Monica Burrow
Original Art from BC and Beyond

Blog - A Palette of Ideas - on being an artist

(posted on 13 Aug 2017)

It's been a month of extraordinary heat and no rain, with over a week of smoke filled skies that looked like a tube of Golden's Titan Buff. Two days ago the heat broke, we began to see a faint hint of Prussian Blue to the sky and then the clouds showed up. I saw a star at night and the moon was a normal colour.

Painting was a way to pass the hours, but motivation at a humidex of over 30 degrees can be an elusive thing. 

Yesterday the rain moved in at 10pm and we got a good overnight soaking. The first rain since July 21 when we had a few drops.

The best thing I could do for my studio in July, was to look around and see what could be thinned. I once took a workshop from a woman who said if she was blocked, she would tidy her surfaces and creativity followed. Some people need to have a lovely layered chaotic space where they know the whereabouts of each item in the layers of detritus and sediment, while I work better with spaces between the bits of visual chaos. Calm areas that make me feel productive.

In 2010 I came into possession of three large canvasses.  A 24 x 36, a 30 x 40 and a 28 x 40. I used the 24 x 36 to paint "Pumpkin Time on Westham Island" (which can be seen in the gallery Sold and Archived Works). It went on to win a spot in a competition in our Guild, it won an Envision Credit Union Category Prize in a local art show, and went on to sell on the last day of the show.

The other two canvasses stayed in the studio waiting to receive the  right image. Somehow clients never chose the size, canvasses that large have to be something that is live-able for more than just myself, and then there was the empty white canvas intimidation factor.

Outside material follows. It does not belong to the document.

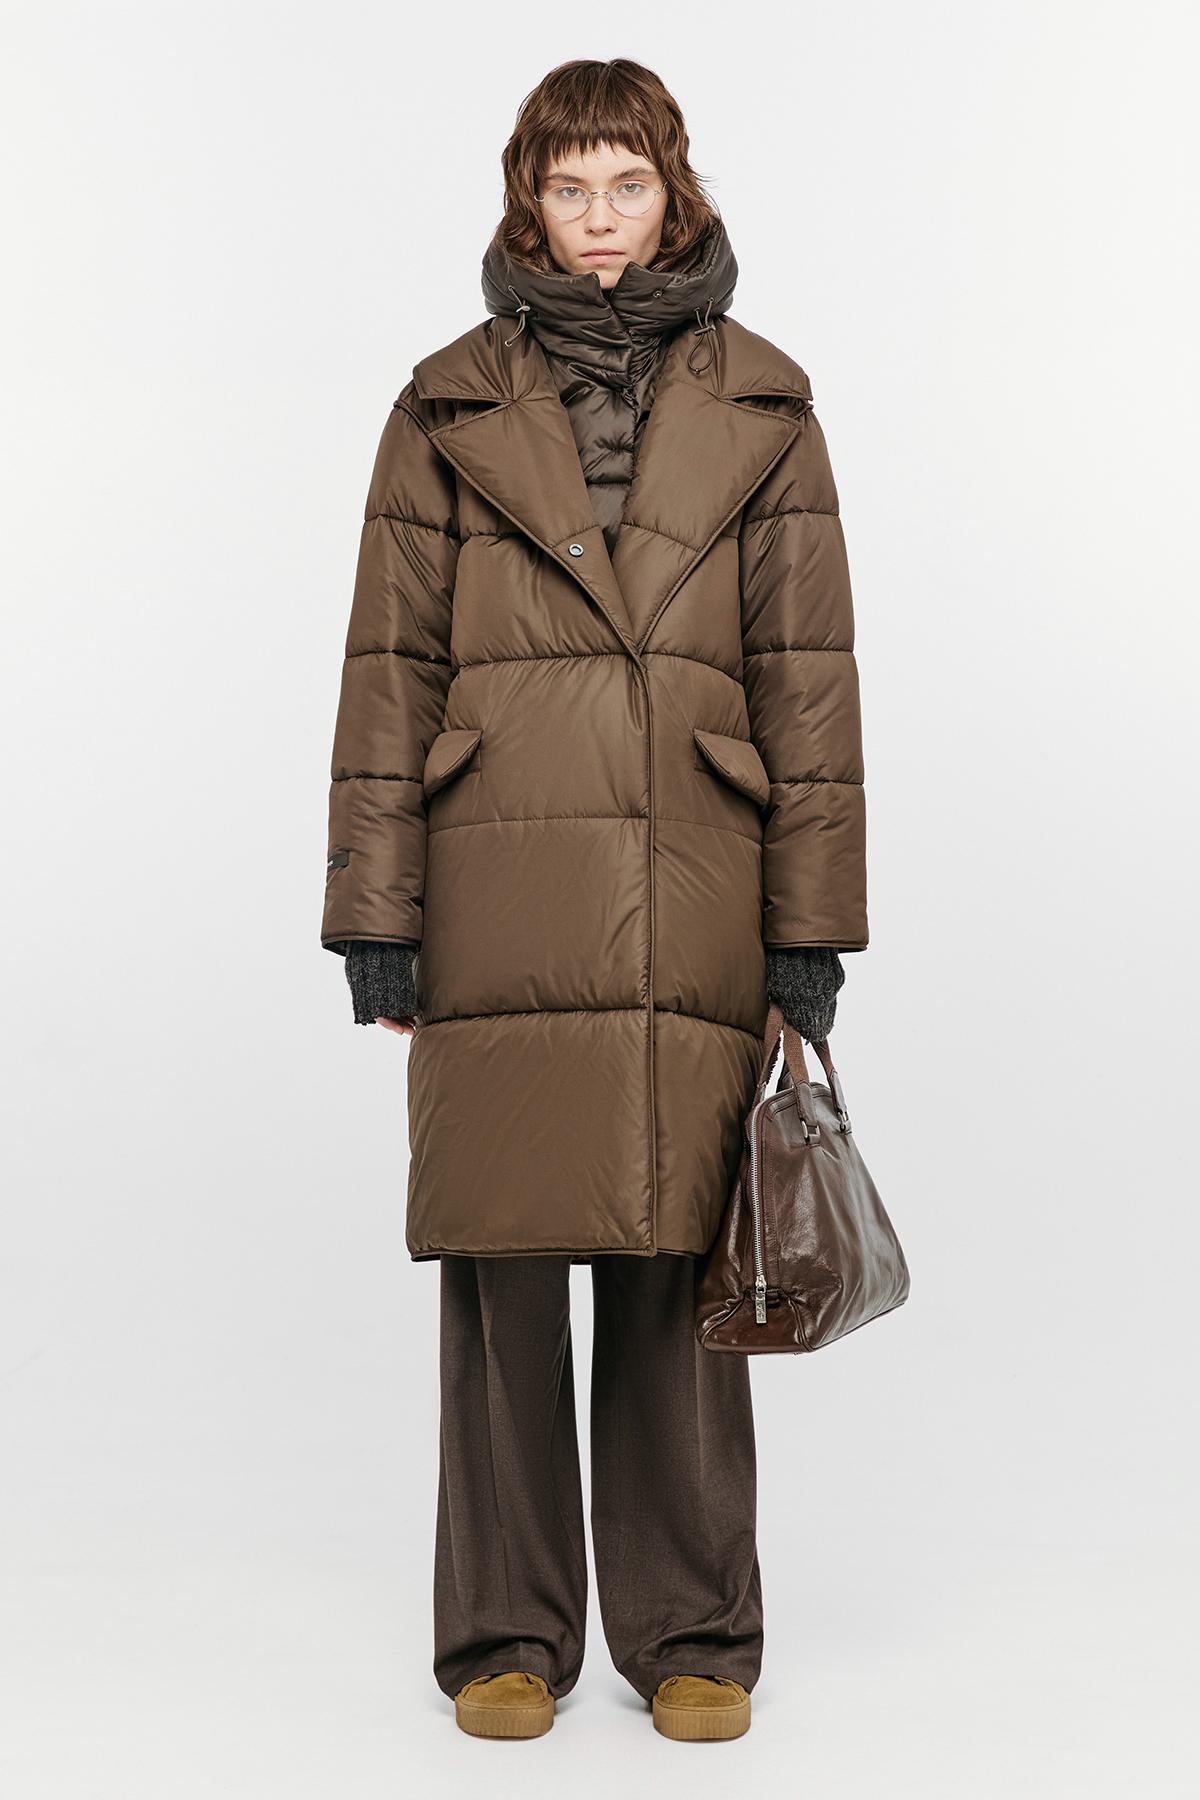 Зимнее пальто Nadya, Novaya, 38 900 руб. (novayawear.com)
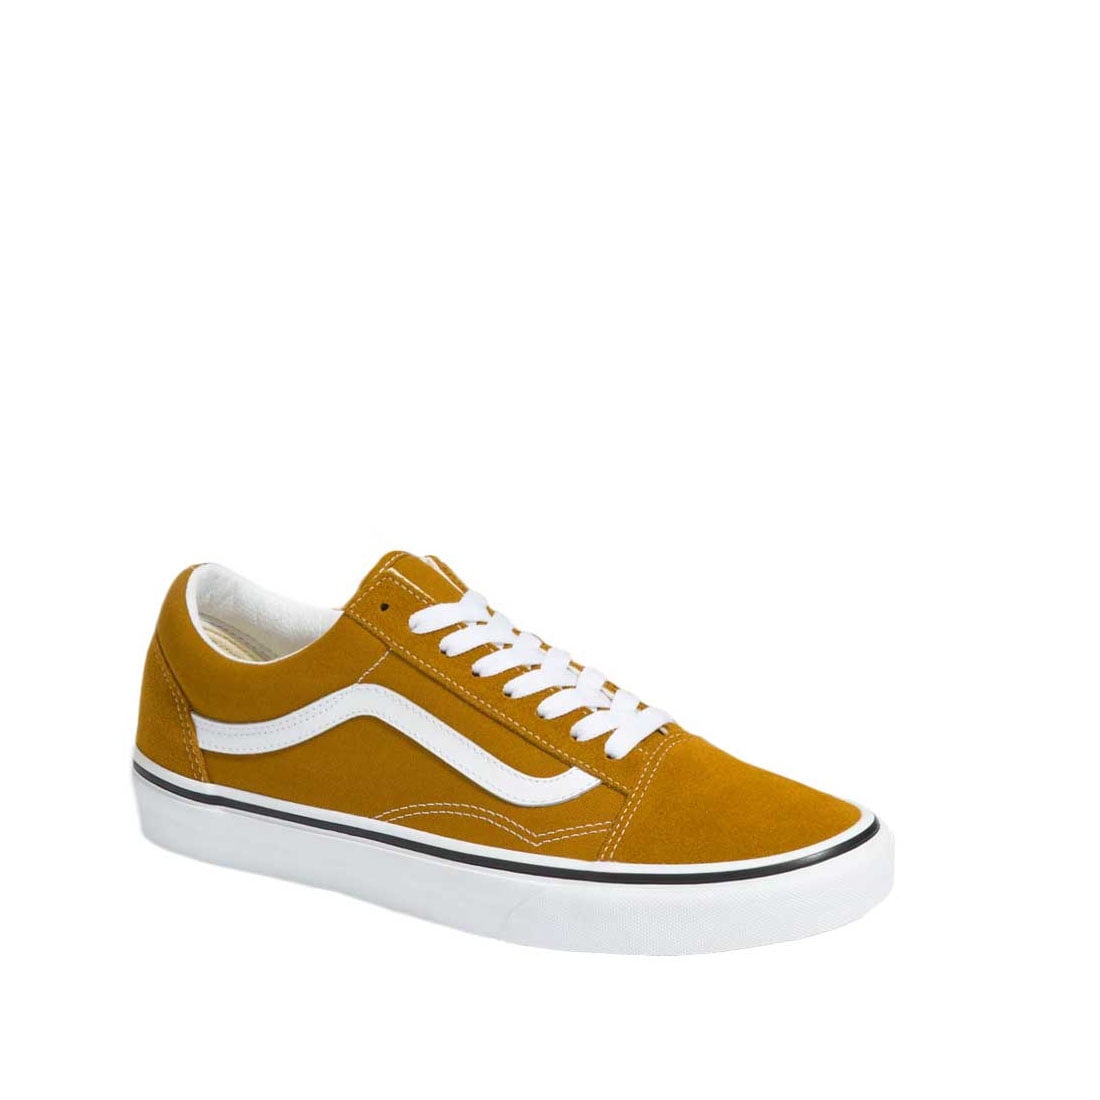 Vans Old Skool shoe size 8 Men/9.5 Women Casual Golden Brown/True White - Walmart.com

One day this past month I realized that they were taking up mental as well a physical space in my studio and one day I sent out an email to fellow artists I know who like to paint big, put a good price of 30% of the orig. pre tax value on the two as they had been no cost to me, and within an hour had four artists willing to take them off my hands. By supper time they were gone and I had the equivalent of two tubes of paint I would definitely use in my wallet!

Last week I was sorting through some knitting wool that was taking up a drawer in the corner of the studio while other items remained homeless and distracting on the floor. As I opened another drawer, I noticed a tray of coloured acrylic inks I was given once. At the time  I thought they would be very inspirational. In over ten years they never made it out of the drawer! Sent out an email to fellow artists I know who I thought might find them useful and within an hour I had someone who works in illustration, and does the most beautiful detailed fine work with ink, reply. She was thrilled to the extent of 3 exclamation points in her query about whether they were still available. Within a day the inks were in her studio where they WILL be used.

The feeling of weight, relief and freedom I feel when this happens contributes directly to my enjoyment of a tidier studio where I will feel more productive. The enthusiasm of the other party is infectious. Things I won't even miss out the door, leaving room in head and heart for a more creative space. It's something i highly recommend.